2. Gdzie jeszcze możemy się czegoś dowiedzieć?
- Internet – to jednocześnie bardzo bogate źródło, ale też bardzo czasem mylące. Trzeba bardzo uważać szukając opinii o jakimś organizatorze w Internecie. Zdarza się, że ktoś z czystej złośliwości potrafi umieścić nieprawdę i oczernić. Z drugiej strony sam organizator chcąc stworzyć przeciwwagę dla złej opinii sam wpisuje opinie pochlebne o sobie pod jakimiś pseudonimami. Jest na to wyjście – zawsze szukajmy opinii osób, z którymi można się potem skontaktować. Szukajmy też opinii konkretnych, które można potem zweryfikować. Każdą opinię, która jest ogólna, bezzasadnie nacechowana złymi emocjami i przede wszystkim anonimowa – należy od razu wyrzucić do kosza. Na ogół organizacje, zajmujące się dziećmi, prowadzą również działalność w czasie roku szkolnego – warto zajrzeć co mają do zaoferowania i jakie na ten temat krążą opinie. Daną organizację zawsze należy oceniać całościowo, a nie tylko na podstawie jednego czy dwóch wątpliwych incydentów.

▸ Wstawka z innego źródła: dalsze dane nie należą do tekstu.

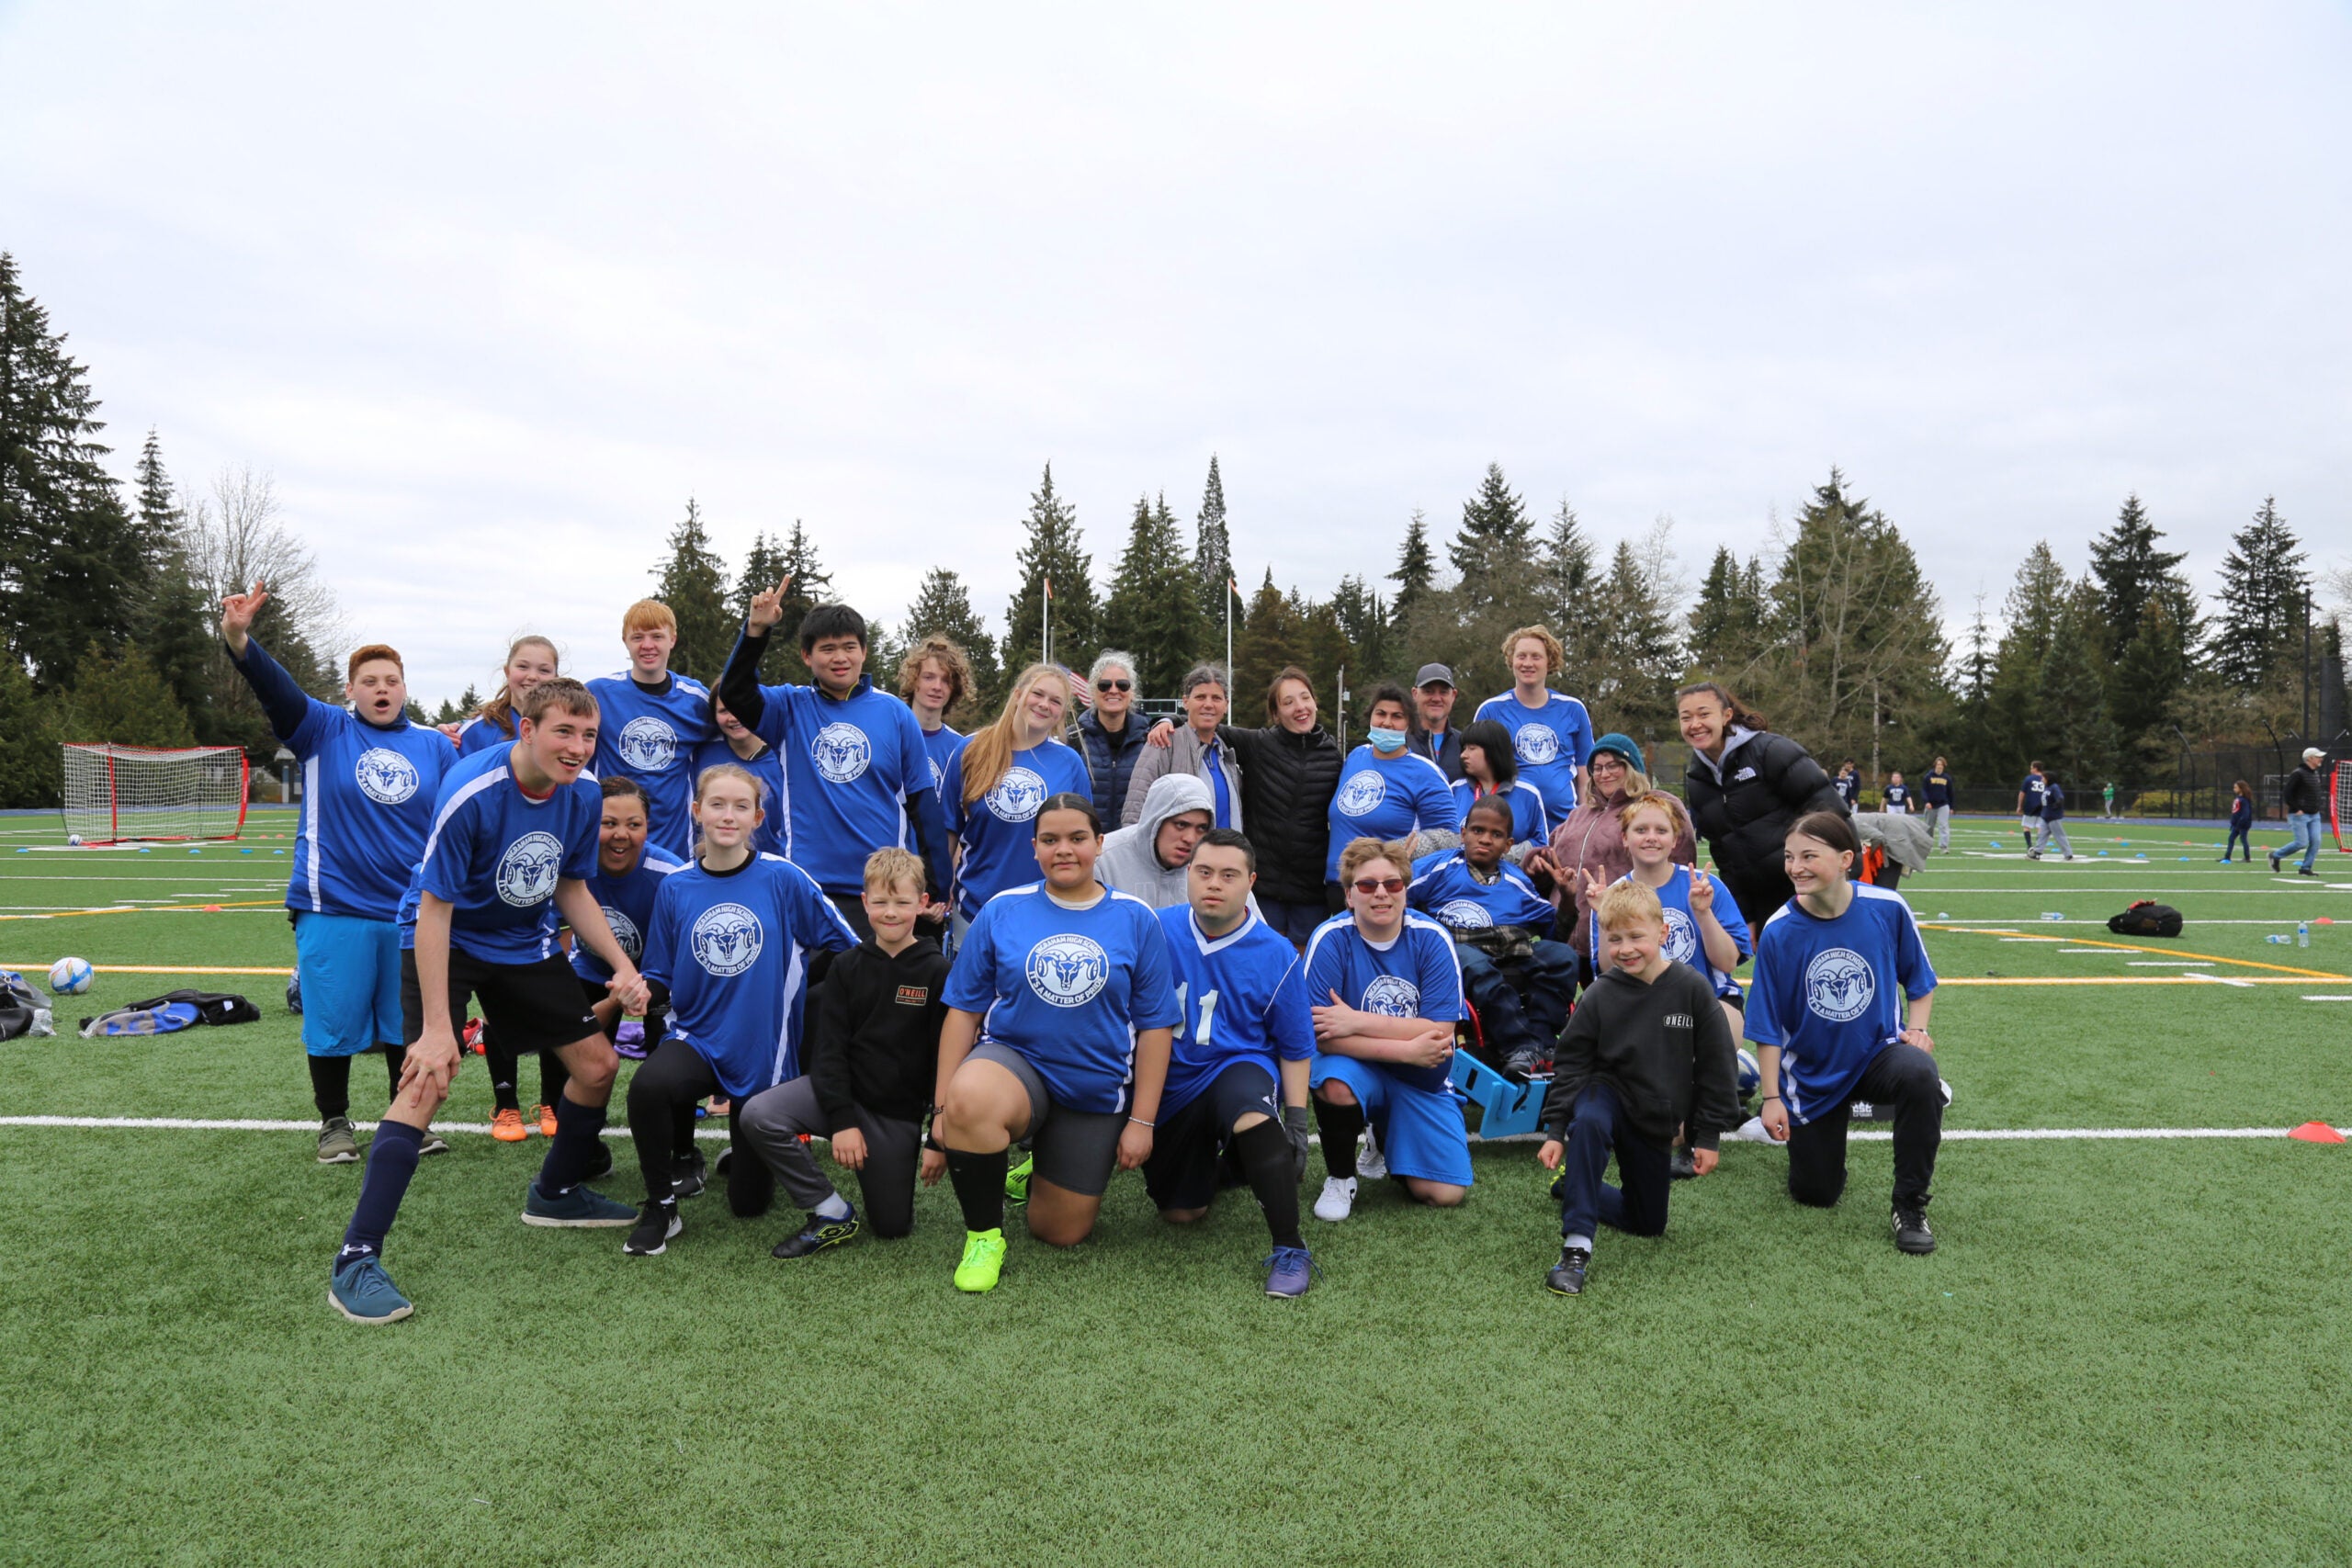 Ingraham High School's Unified Sports soccer team smiling for the camera.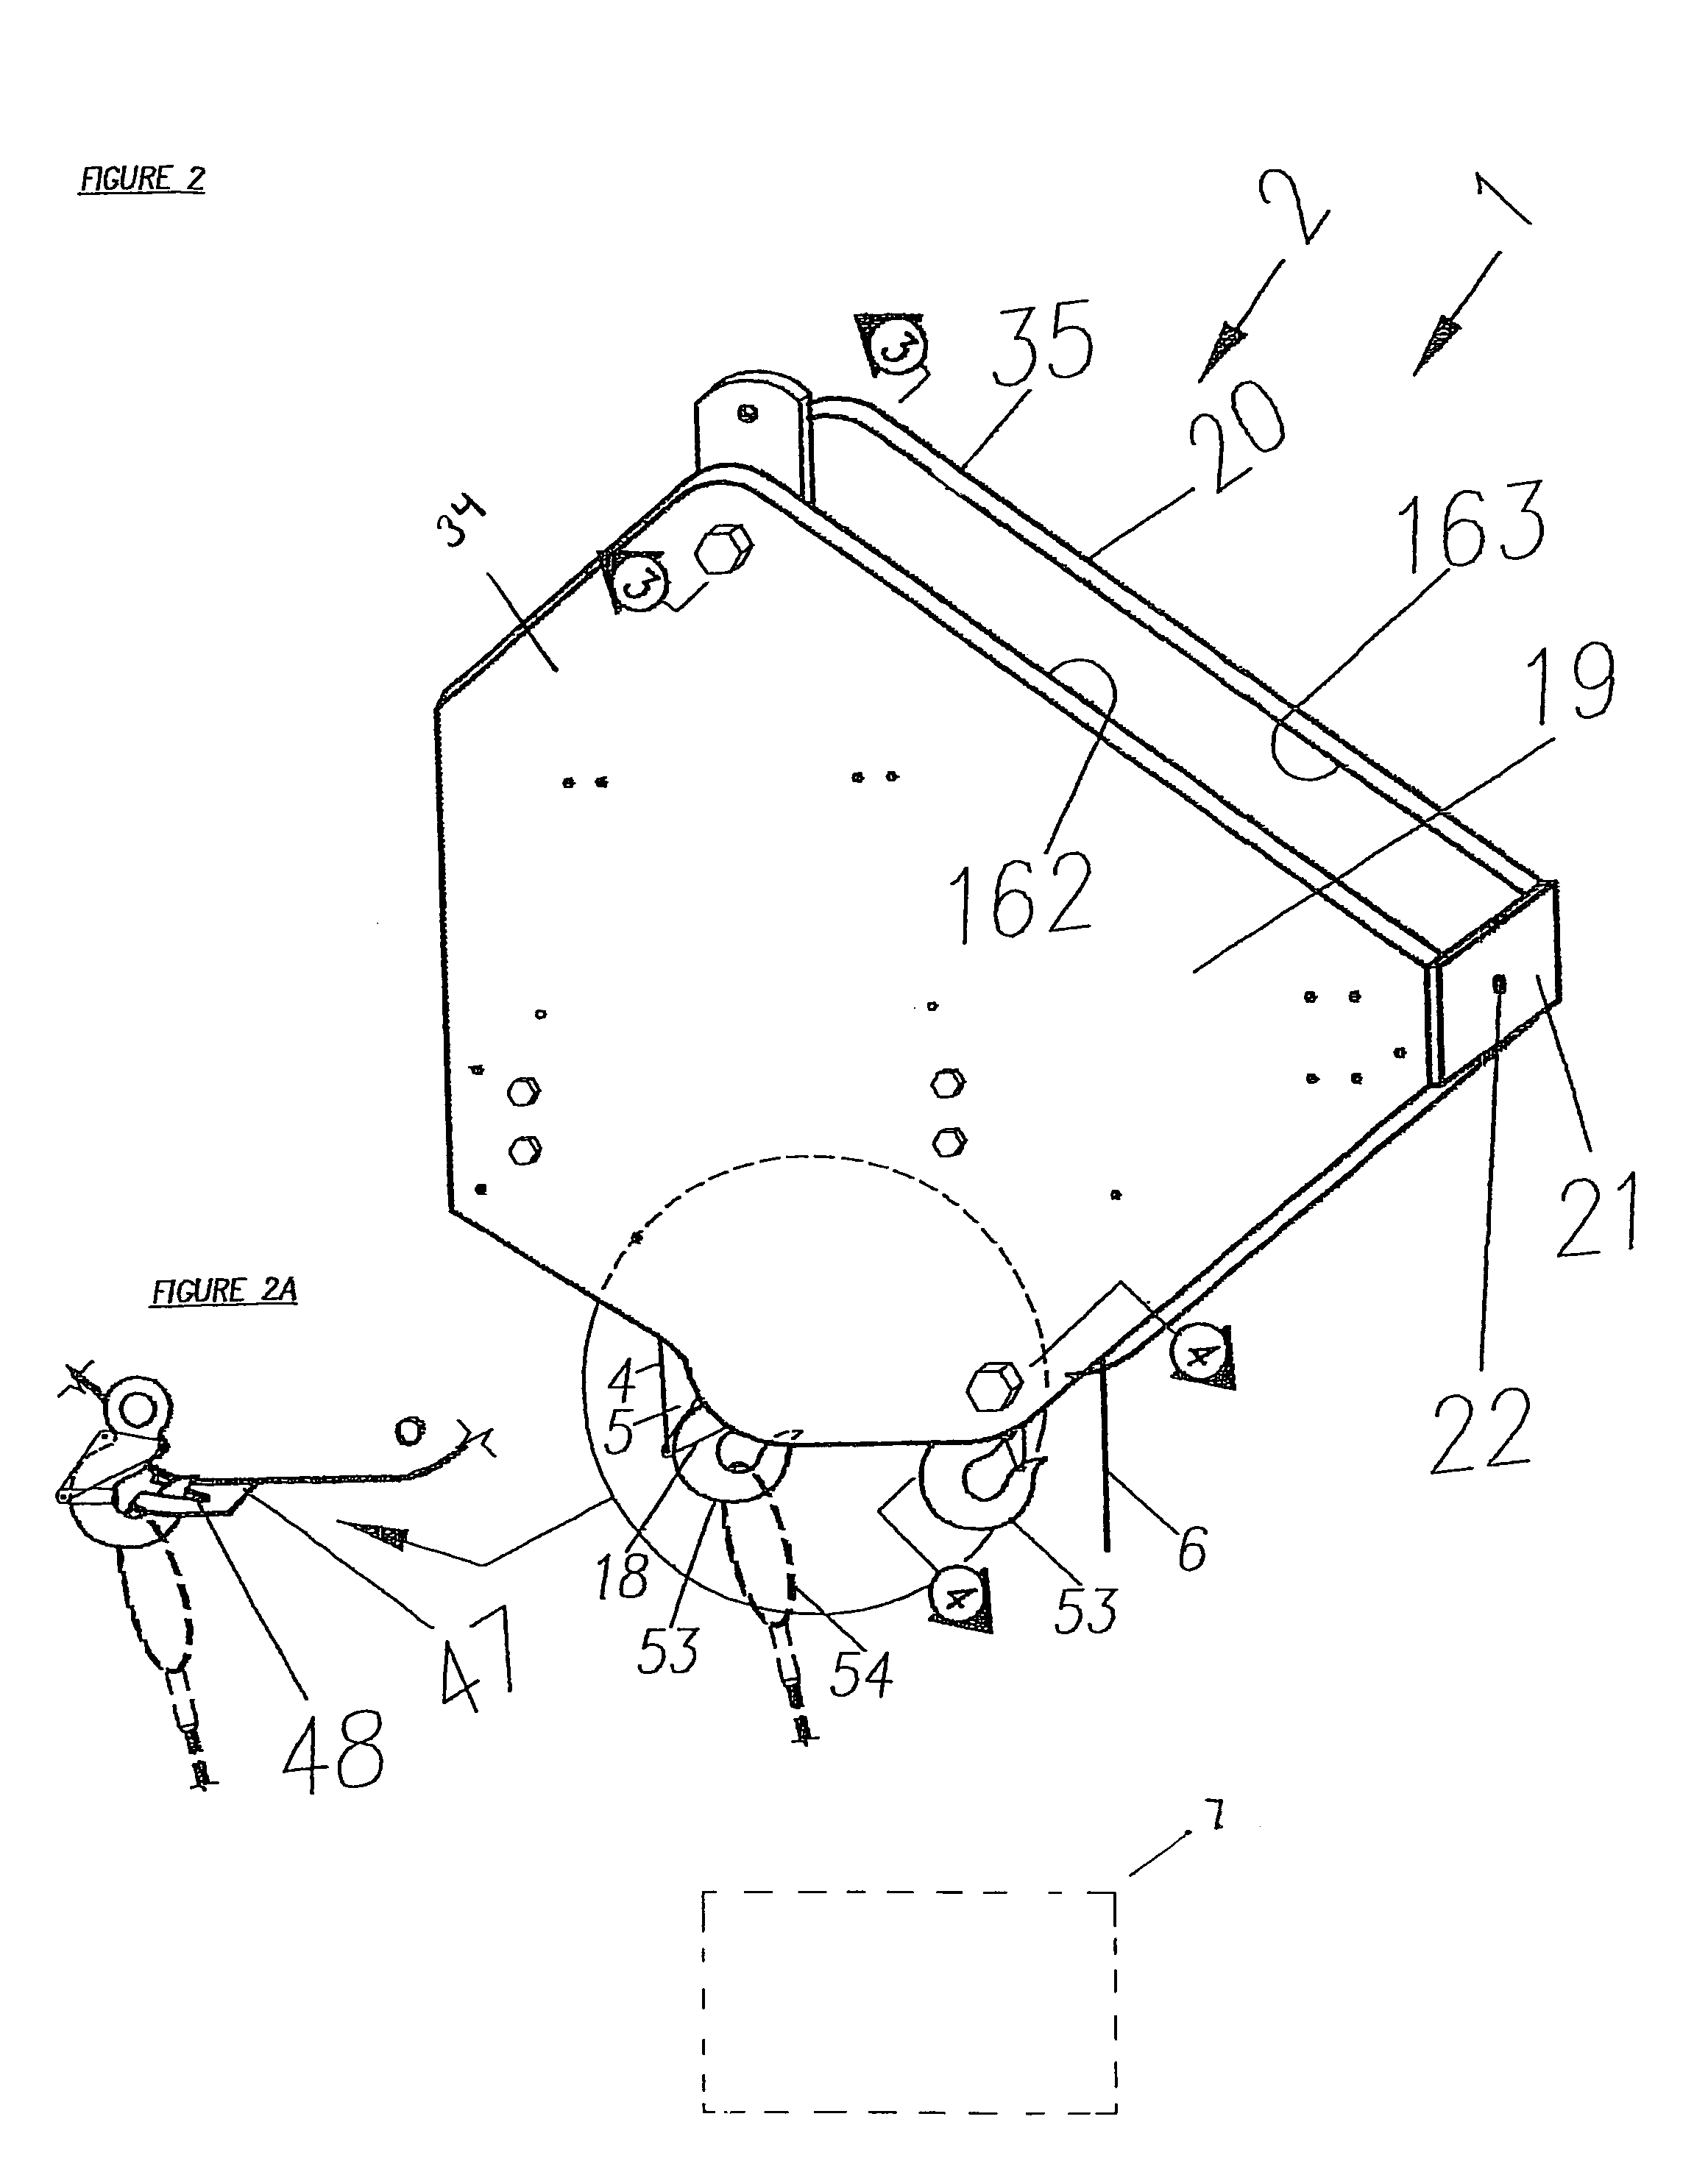 Apparatus for the latching and unlatching of a load

- Znajomi – to najlepsze źródło informacji. Jeśli ktoś jest zadowolony to mamy prawie stu procentową pewność, że warto posłać dziecko z danym organizatorem. Warto jednak zebrać więcej niż jedną opinię, ponieważ tak jak w przypadku Internetu może ona być jednostronna. Znam osobiście sytuacje, w których rodzice byli niezadowoleni z wyjazdu nie dlatego, że wina leżała po stronie organizatora, ale dlatego, że rodzice Ci nie mieli świadomości gdzie i na jakich warunkach posyłają dziecko.
- Instytucje państwowe – jeśli organizator działa w dużym mieście, można pokusić się o wizytę w urzędzie miejskim, na przykład w dziale edukacji – tam odpowiednie osoby powinny mieć wiedzę na temat każdego organizatora działającego pod ich jurysdykcją. Można również wykonać telefon do Sanepidu. Musi to być jednostka odpowiadająca terytorialnie miejscu pobytu dziecka na wypoczynku. Zapytać wtedy należy czy były zgłaszane uwagi co do tego organizatora oraz przede wszystkim czy była tam kontrola i jaki był jej wynik!